Prasad M. Deshpande
Title: Senior Technical Staff Member
Affiliation: IBM Research - India
Contact Details: email@example.com
Prasad M. Deshpande is a Senior Technical Staff Member at IBM Research - India and Manager of the Watson Foundations - Platforms and Infrastructure Group. His areas of expertise lie in data management, specifically data integration, OLAP, data mining and text analytics. He received a B. Tech in Computer Science and Engineering from IIT, Bombay and M.S. and Ph.D. degrees in Database Systems from the University of Wisconsin, Madison. He is an ACM Distinguished Scientist and member of the IBM Academy of Technology. His current focus is in the areas of data discovery and curation for Big Data platforms, data integration and machine data analytics. He has worked at several companies, including IBM Almaden Research Center, prior to joining IBM Research - India in 2005. He has more than 40 publications in reputed conferences and journals and 11 patents issued. He has served on the Program Committees of many conferences, as a PC member and PC Co-Chair.
Title of Talk 1: Unlocking the Power of Unstructured Data for Master Data Management
Synopsis: Master data management (MDM) systems provide structured data about business entities by combining data from multiple structured data sources and building a consolidated 360-degree view of entities such as customers and products . In addition to traditional data, enterprises increasingly want to include valuable information residing outside traditional data stores such as emails, call-center transcripts, chat logs, and comments.
In this talk, I will describe a new generation of MDM systems that can incorporate unstructured data into the master data for entities. MDM Extension for Unstructured Text Correlation (EUTC) bridges the gap between unstructured content and mastered data. It detects references to existing MDM entities in unstructured text, even when the relevant entity is not explicitly mentioned in the text, and links the documents to the MDM entities. It can also automatically discover new relationships between MDM entities, leading to better entity resolution. We have demonstrated that it is possible to achieve high precision and recall in matching entities to documents, using domain independent techniques.

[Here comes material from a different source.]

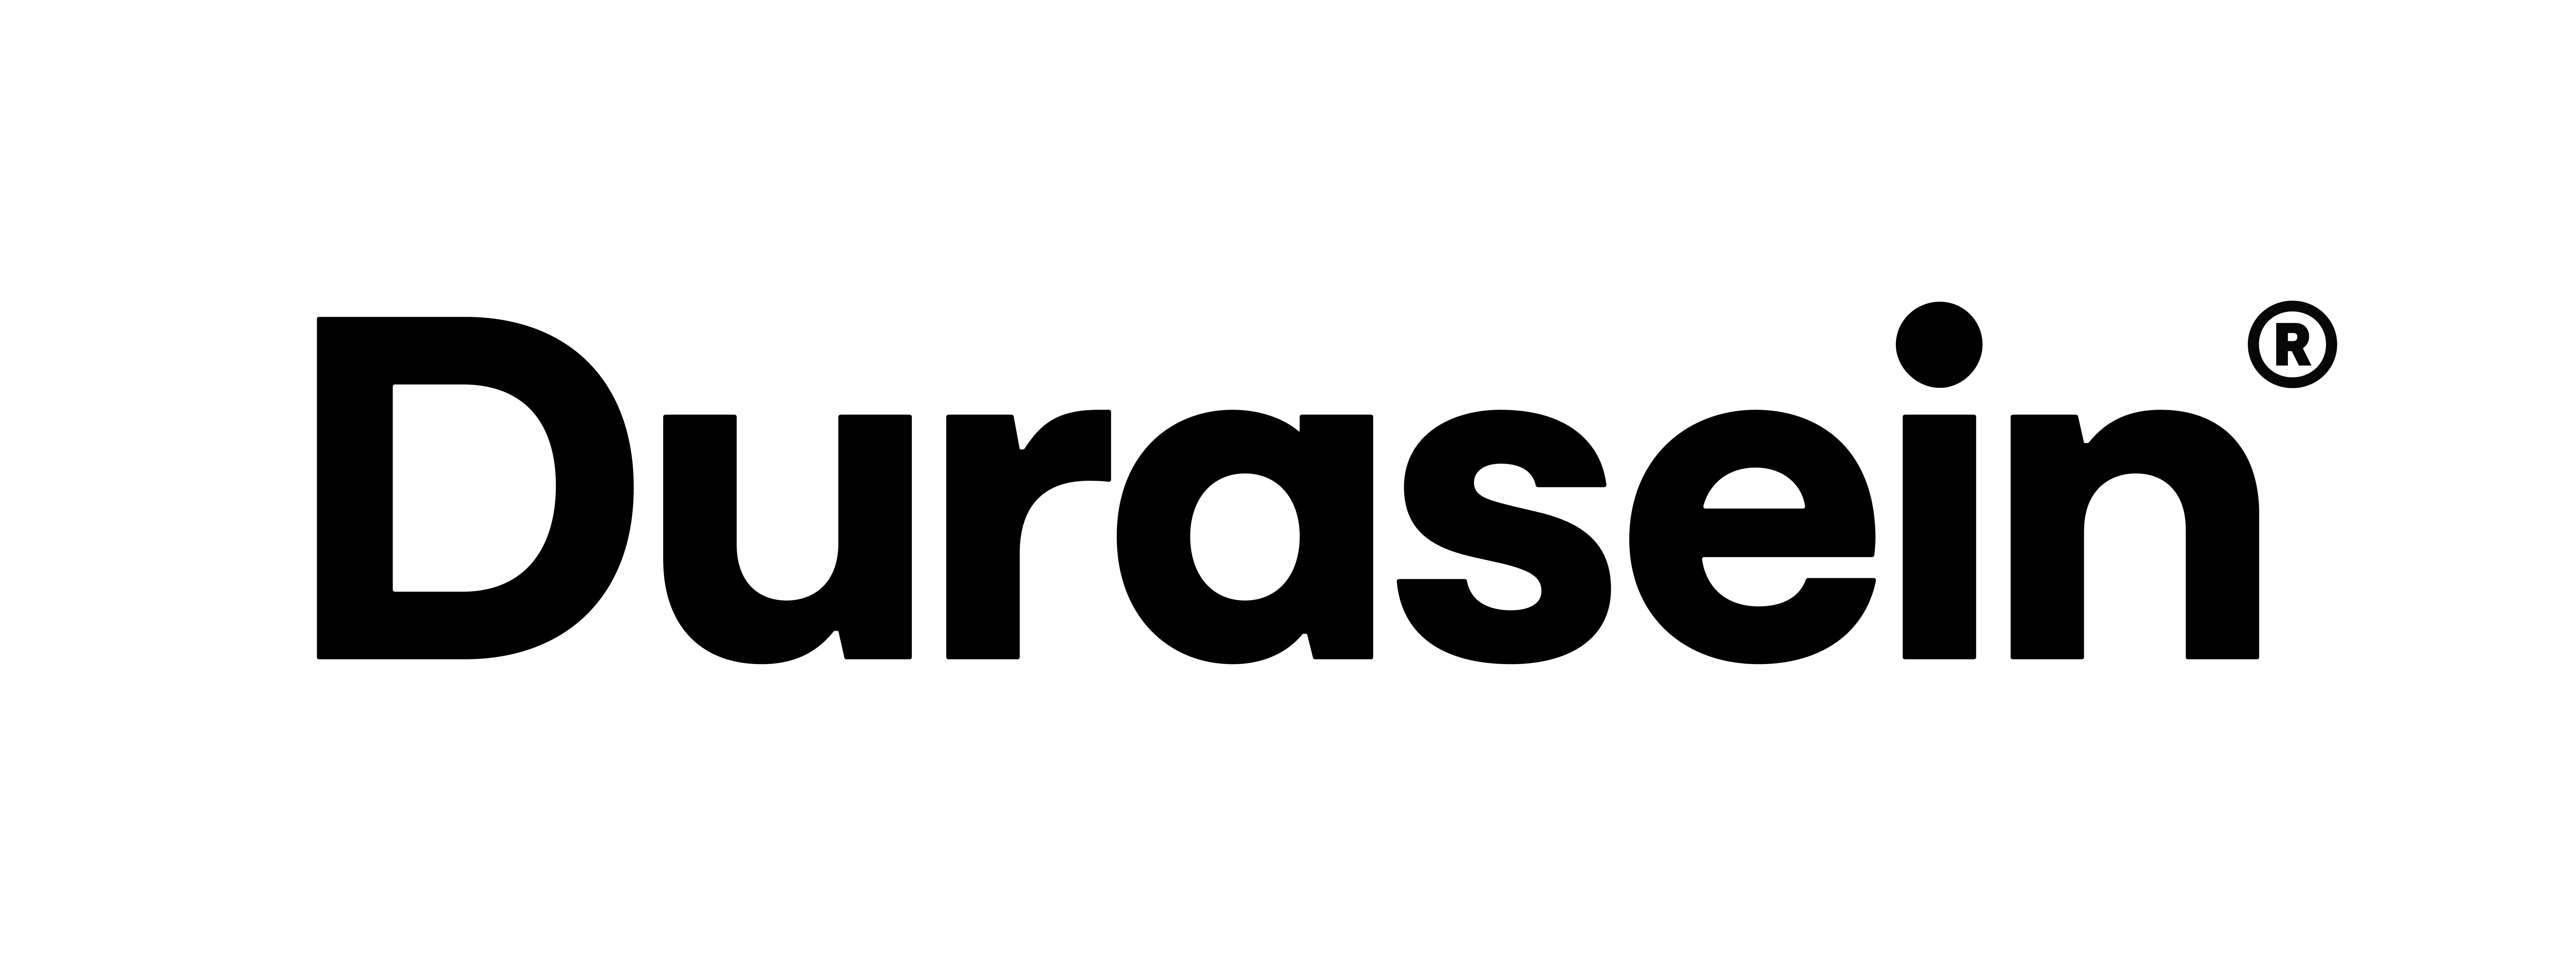 Durasein logo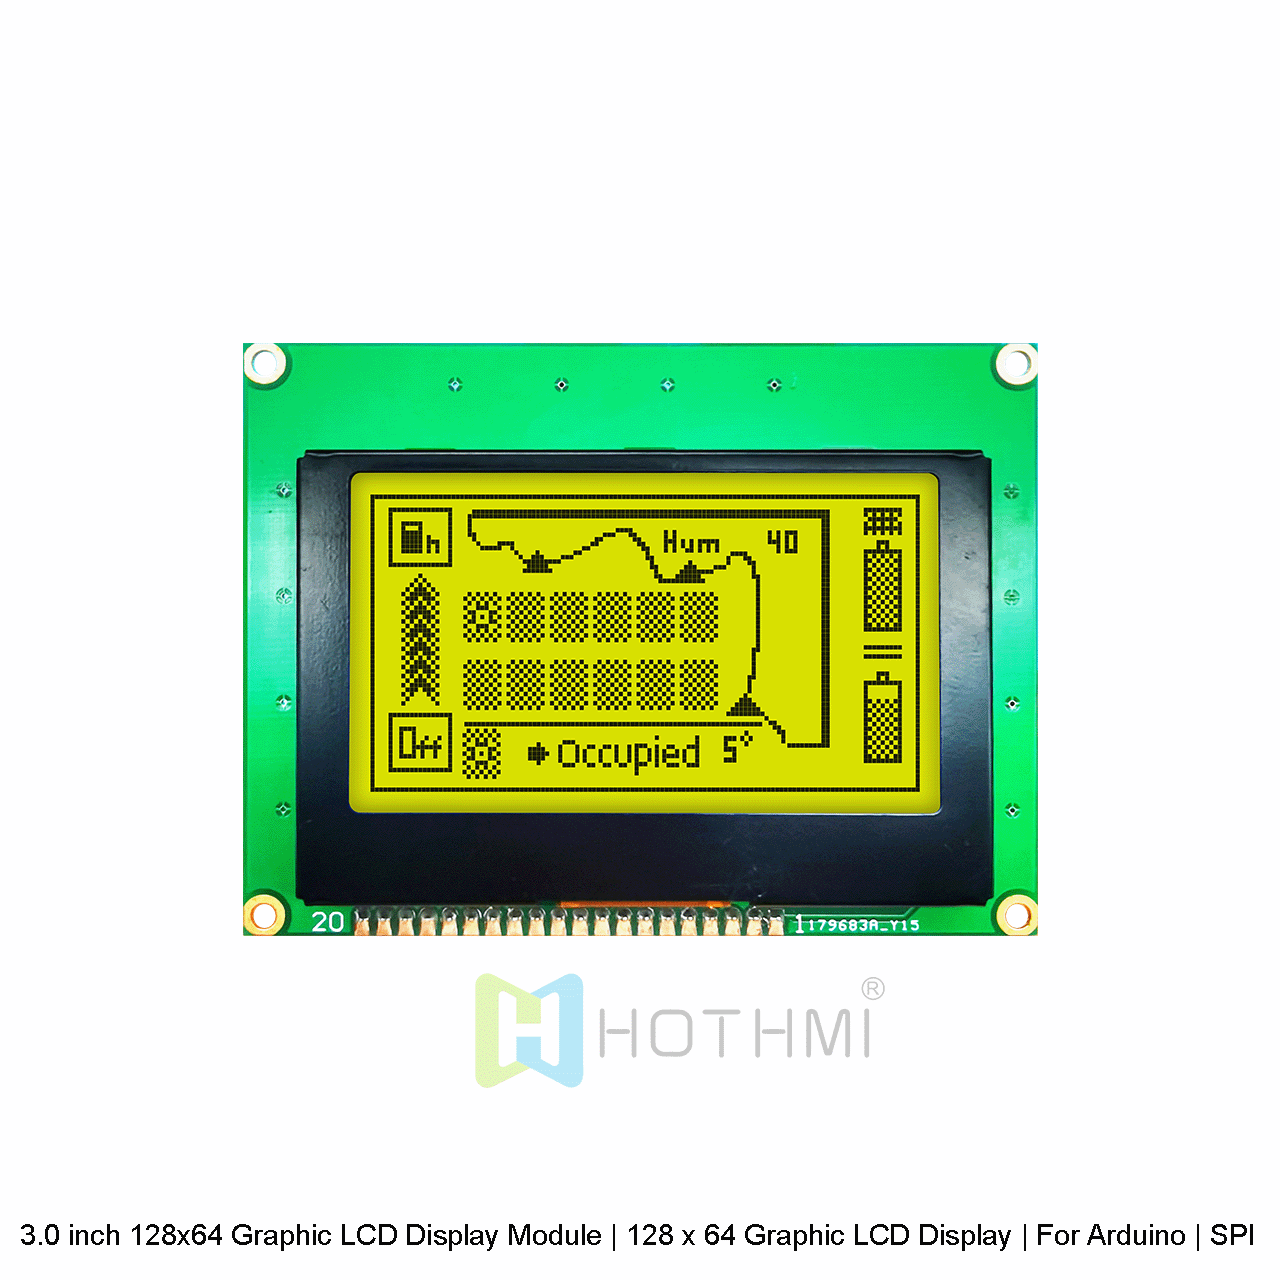 3.0英寸 128x64 图形 LCD 显示模块 |128 x 64图形液晶显示屏| 适用于 Arduino  | SPI接口

Title of Talk 2: Preventing Information Leakage from Unstructured Documents
Synopsis: In today's enterprise world, information about business entities such as a person's name, address, and social security number is often present in both relational databases as well as content repositories. Information about such business entities is generally well protected in databases by well-defined and fine-grained access control. However, current document retrieval systems do not provide user-specific, fine-grained redaction of documents to prevent leakage of information about business entities from documents.
In this talk, I will present a system called ZoRRo which is an add-on for document retrieval systems to dynamically redact sensitive information of business entities referenced in a document based on access control defined for the entities. ZoRRo exploits database systems' fine-grained, label-based access control mechanism to identify and redact sensitive information from unstructured text, based on the access privileges of the user viewing it. To make on-the-fly redaction efficient, ZoRRo exploits the concept of k-safety in combination with Lucene-based indexing and scoring.